On July 1 of this year, the interest rate on all Stafford student loans — which Congress currently determines by statute — is scheduled to double from 3.4 percent to 6.8 percent, compounding the cost of higher education and leaving many students to desperately scrounge funds to pay for school.

If all this results in a case of déjà vu for you, stay calm; you are neither delusional nor trapped in a time loop. Exactly one year ago, a nearly identical dilemma confronted college students across the nation. With the increase originally slated for July 1, 2012, President Obama — who, at this time last year, was bolstering his campaign for reelection — managed to keep disgruntled students at bay by advocating freezing rates at 3.4 percent. Congress complied, extending the low interest rates for a year.

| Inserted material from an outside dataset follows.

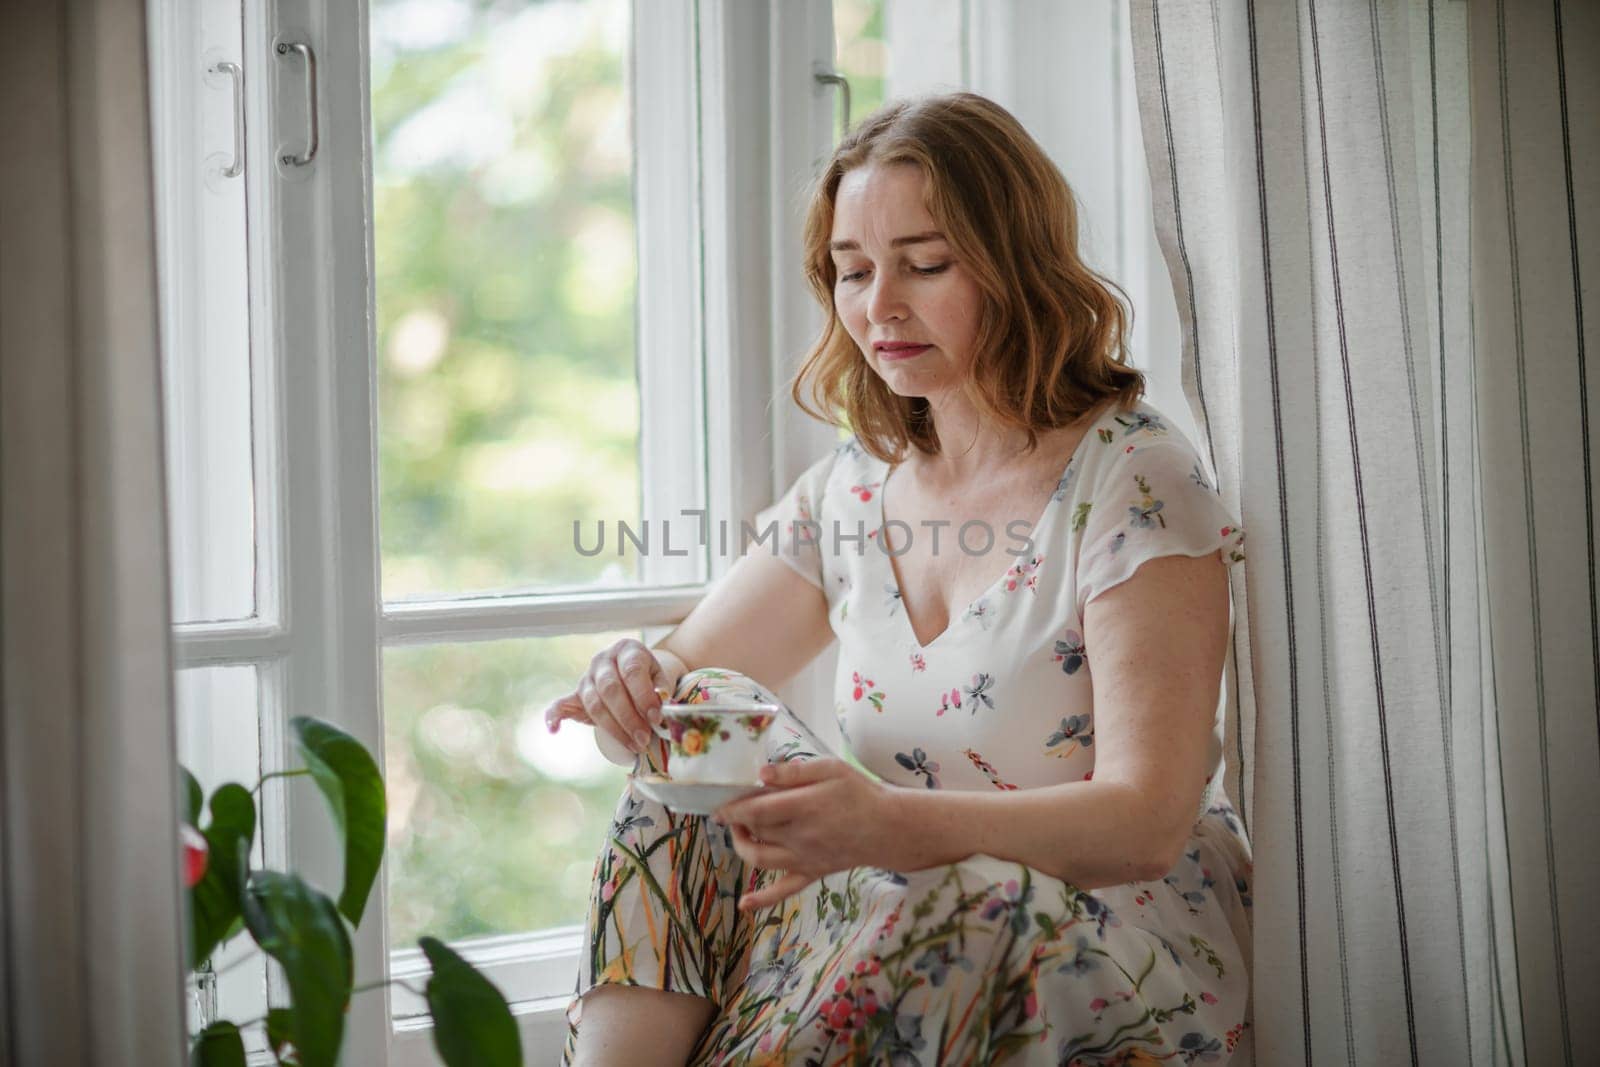 A middle-aged woman in a cream dress sits mysteriously and looks out the window on the windowsill. Green trees outside

Now, with the deadline fast approaching, Obama’s new proposal plans to take student loan interest rates out of Congress’s hands. Instead, it opts to tether them to a new system based on current market rates.

The Obama administration claims this market-based system would both keep interest rates from fluctuating and ensure that no borrower spend more than a 10th of his or her income on loans. Nonetheless, students are still worried about how much debt they will graduate with, fearing that the overhaul would keep rates low in the short-term but nevertheless result in larger dues down the line.

According to UCSB CALPIRG organizer Kat Lockwood, a whopping 44 percent of UCSB students have Stafford loans over $5,000. For these students, a post-grad future that might otherwise be bright and promising is instead fraught with serious financial concerns.

Although the Obama administration is eager to make higher education as accessible as possible, and is reportedly willing to work closely with students on this issue, those invested may want to keep abreast on the rate debate, which will only intensify in the coming months.